Bedtime story transports poorly to a land far from pain
READING a bedtime story to a child can help in alleviating pain, a study suggests.
The activity was found to lower levels of cortisol, a chemical associated with stress, and boosted levels of the socalled cuddle hormone oxytocin, which is linked to empathy.
The children themselves also reported feeling better after a storyteller whisked their imagination off to a faraway land.
Researchers in Brazil found playing a riddle-based game made the children feel better as well, but the effect was twice as strong for lighthearted stories. Eighty-one children aged two to seven in an intensive care ward in a Sao Paulo hospital were enrolled in the study.
Patients suffered from a range of complaints, including asthma, bronchitis and pneumonia. Half the children were read stories for half an hour while the others participated in a 30-minute brain-teaser session.
Saliva samples were taken from each child before and after their activity and analysed for levels cortisol and oxytocin. “The storytelling was done individually; the child chose which story would be told,” study author Dr Guilherme Brockington, from the Federal University of ABC, said. “Among the books offered, we chose titles available in ordinary book stores and without a pre-defined emotional bias, so that the story would not influence the child’s reaction so much after the activity.”
The scientists, writing in the journal PNAS, said the storytelling was effective because of a phenomenon known as “narrative transportation”.

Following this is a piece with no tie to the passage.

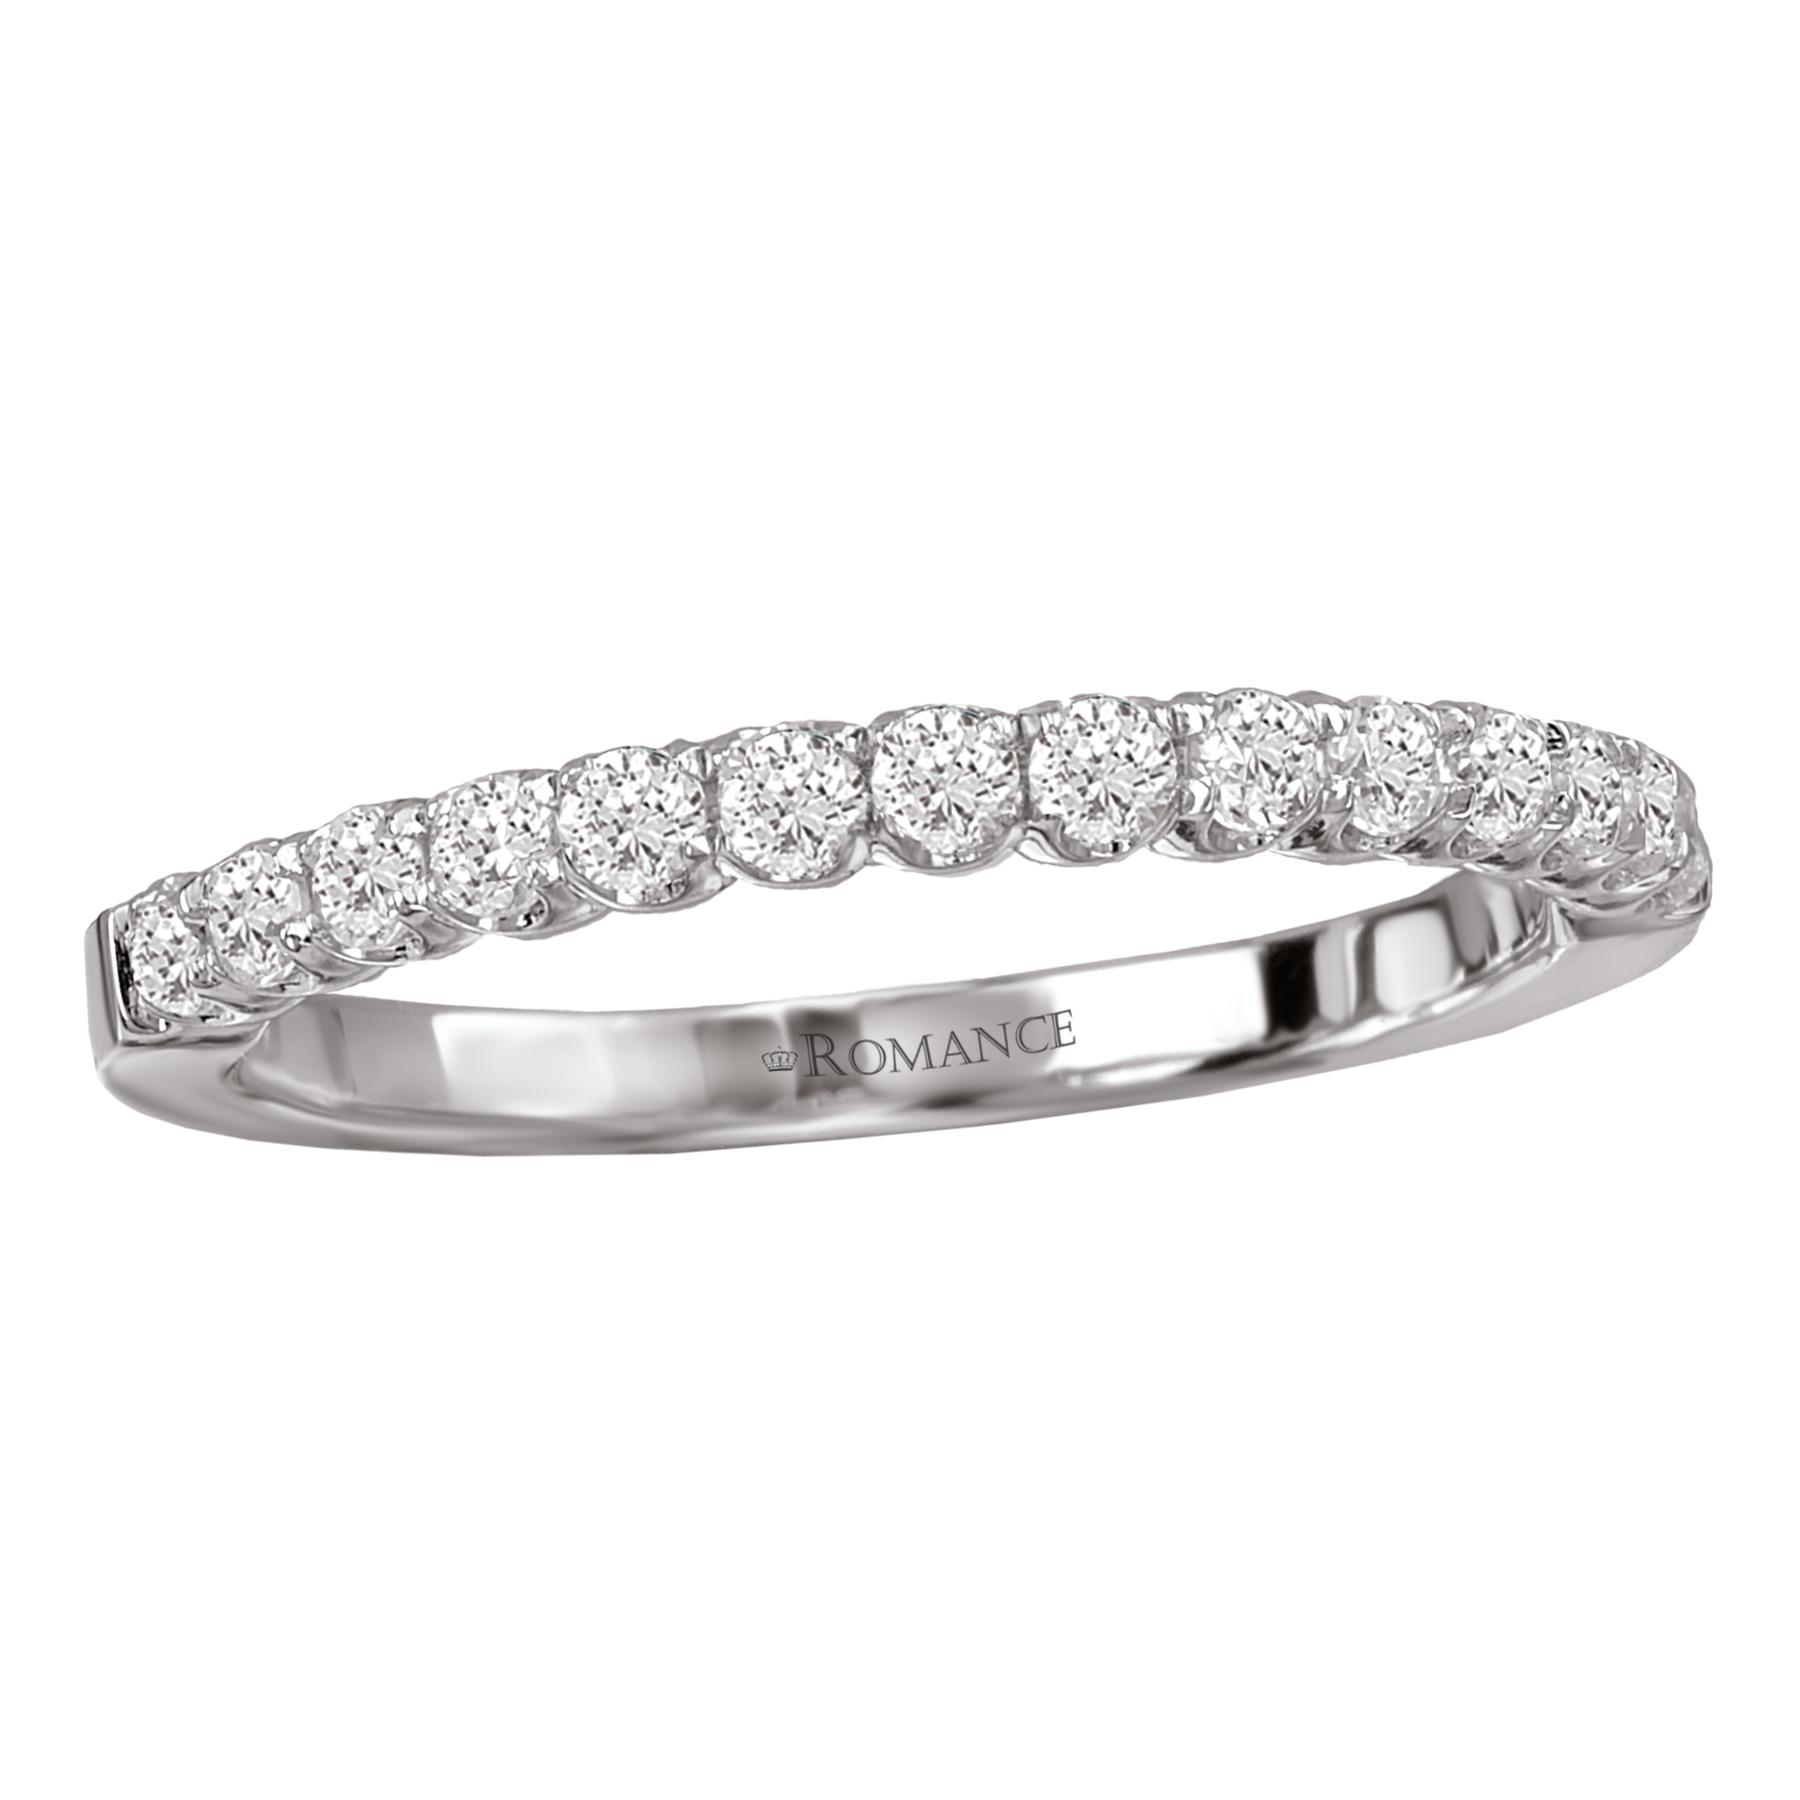 Romance Wedding Bands 117478-W product image

“The child, through fantasy, can experience sensations and thoughts that transport him or her to another world, a place that is different from the hospital room and is, therefore, far from the aversive conditions of hospitalisation,” said Dr Brockington.
Dr Jorge Moll, from Brazil’s D’OR Institute for Research and Education, said reading stories to children was an extremely safe and low-cost method of pain relief. Storytelling to distract and improve the condition of children is already in use among some paediatricians, but the benefits were largely based on anecdotal evidence.
This study, the researchers say, is the first conclusive and quantitative proof of its benefits.